#### Required work:
Return the stretch from the line with "Banjo Hindi Movie" through the line with "Casual fleece autumn" in the data below, character for character, skipping all pictures.

#### Information provided:

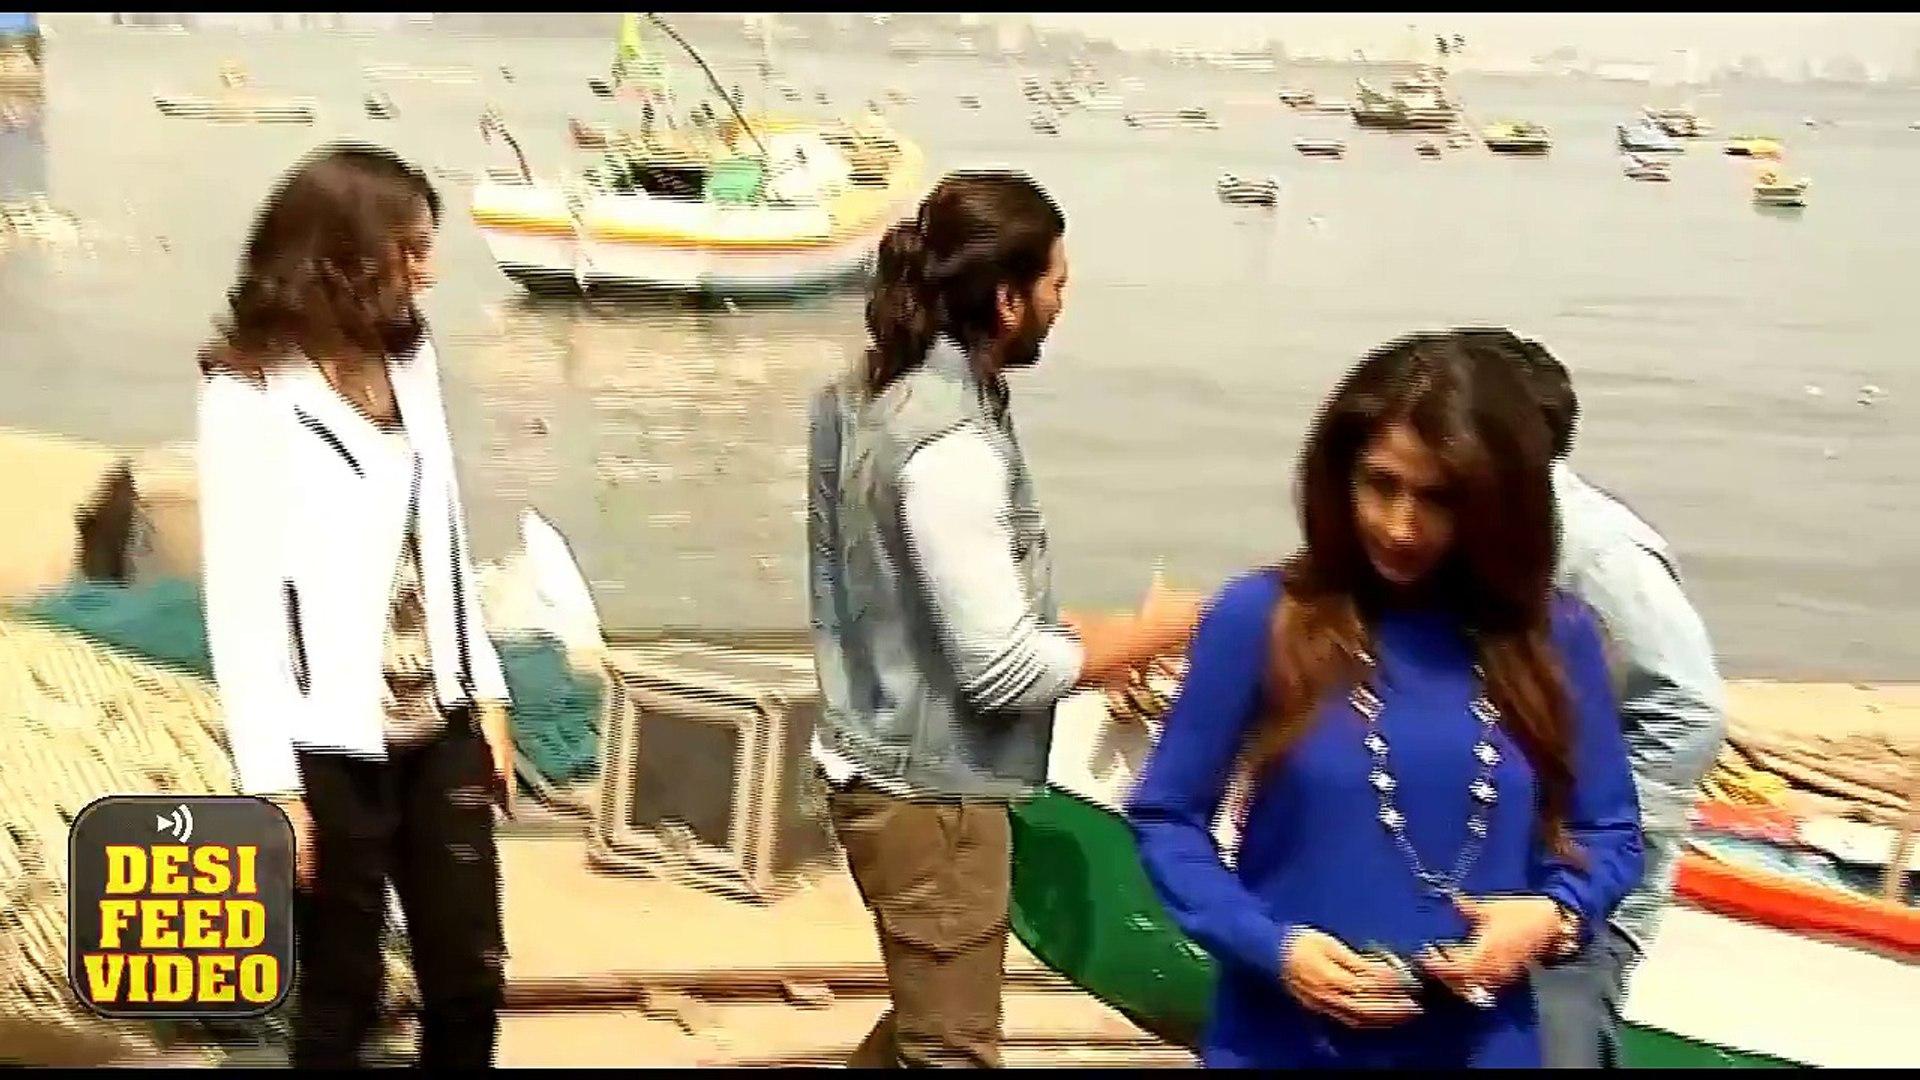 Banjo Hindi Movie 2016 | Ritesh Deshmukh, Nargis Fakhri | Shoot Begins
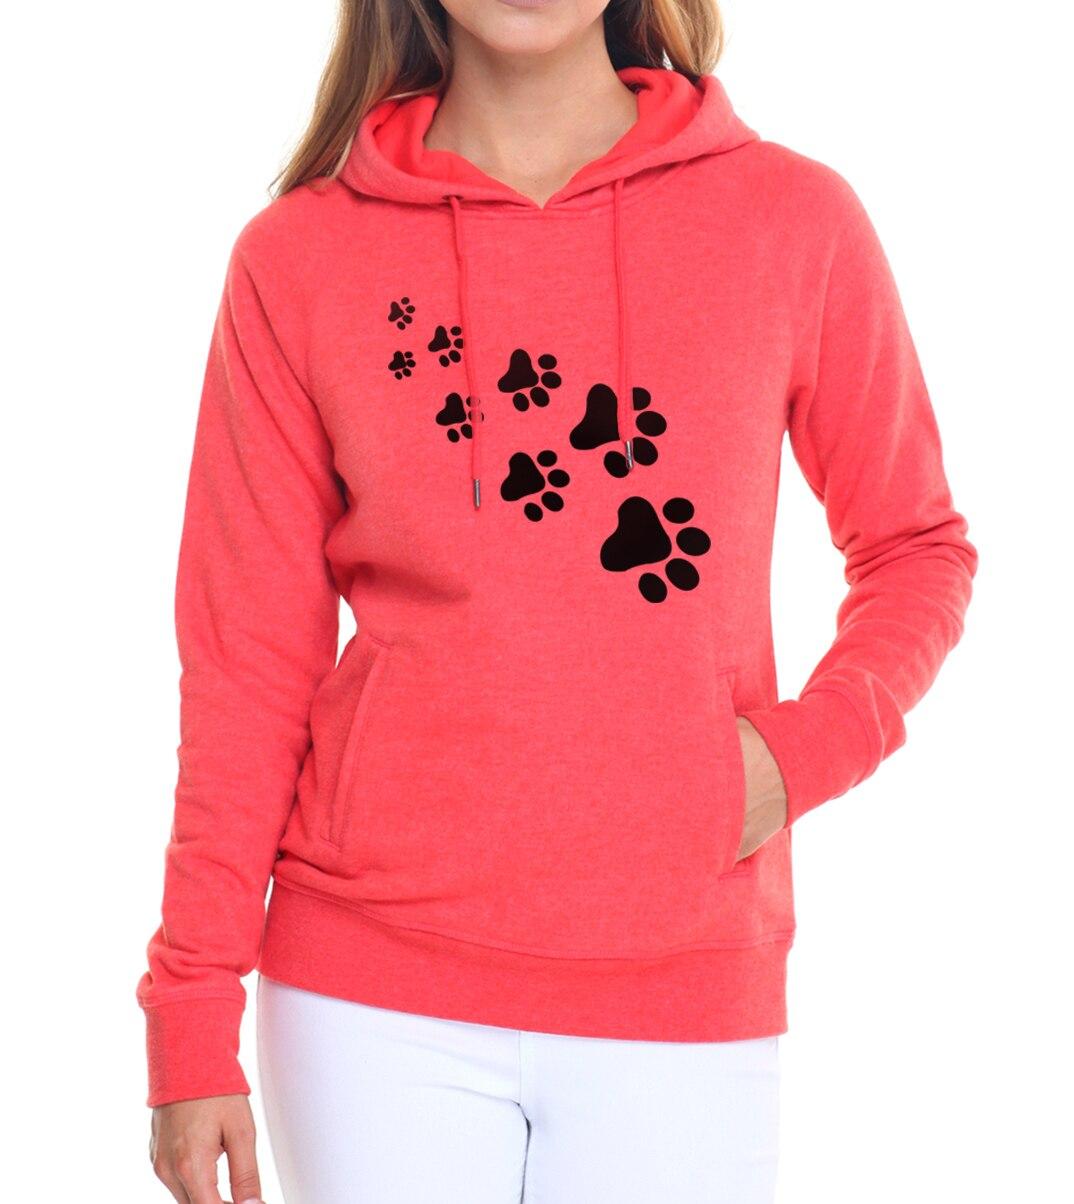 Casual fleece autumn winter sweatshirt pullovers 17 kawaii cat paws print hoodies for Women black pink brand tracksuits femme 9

---

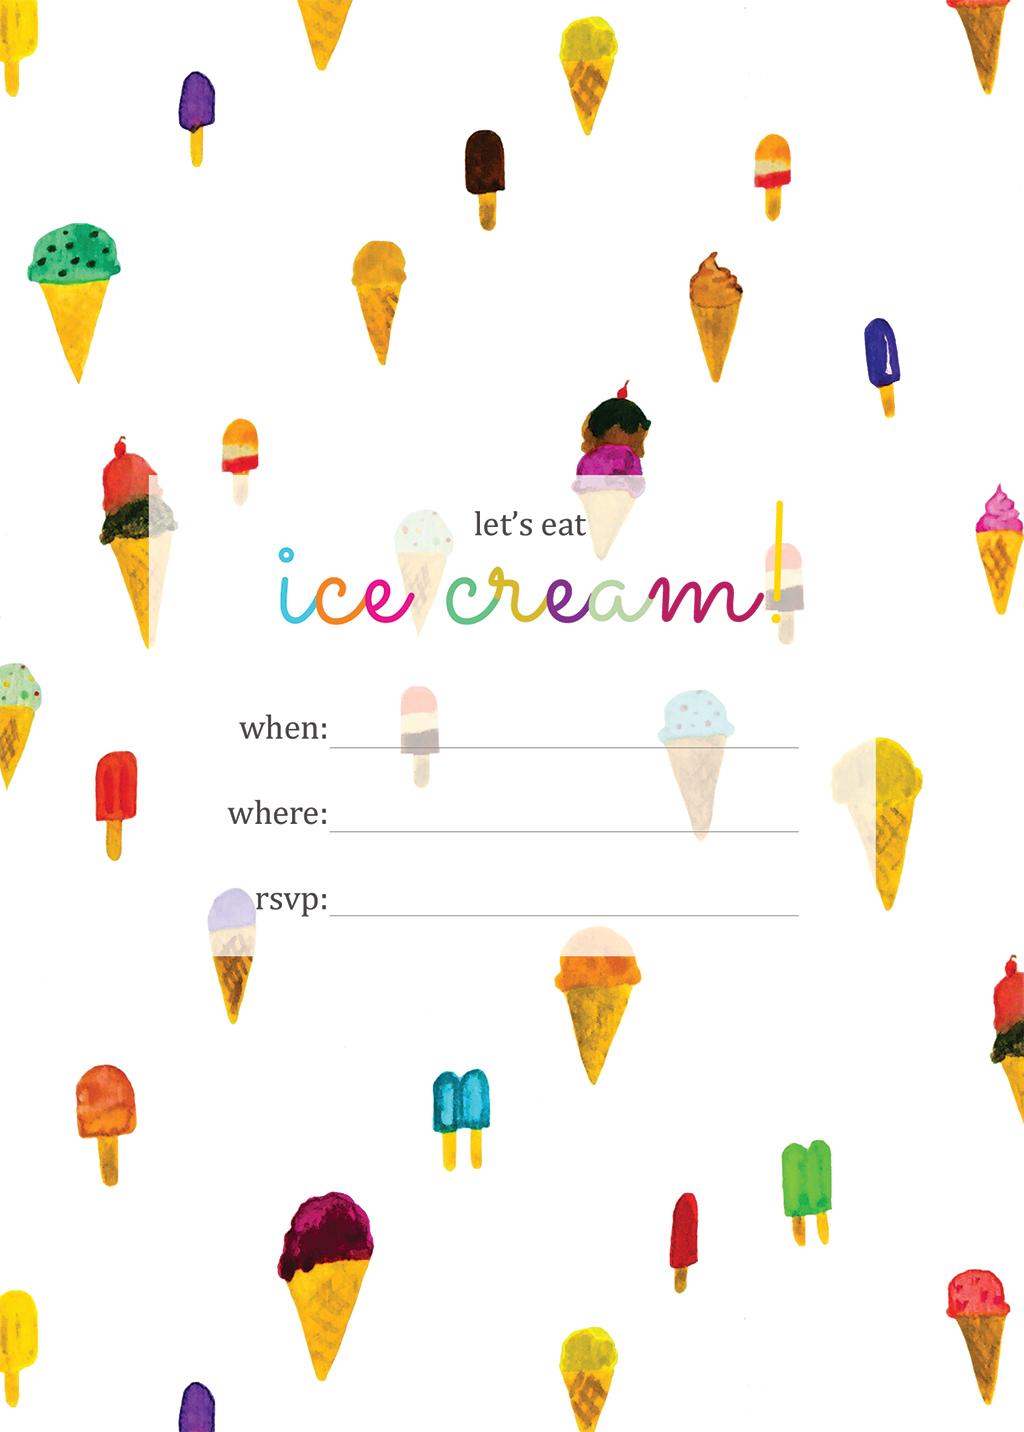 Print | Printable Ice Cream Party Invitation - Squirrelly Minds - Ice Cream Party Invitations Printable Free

#### Solution:
 Banjo Hindi Movie 2016 | Ritesh Deshmukh, Nargis Fakhri | Shoot Begins
 Casual fleece autumn winter sweatshirt pullovers 17 kawaii cat paws print hoodies for Women black pink brand tracksuits femme 9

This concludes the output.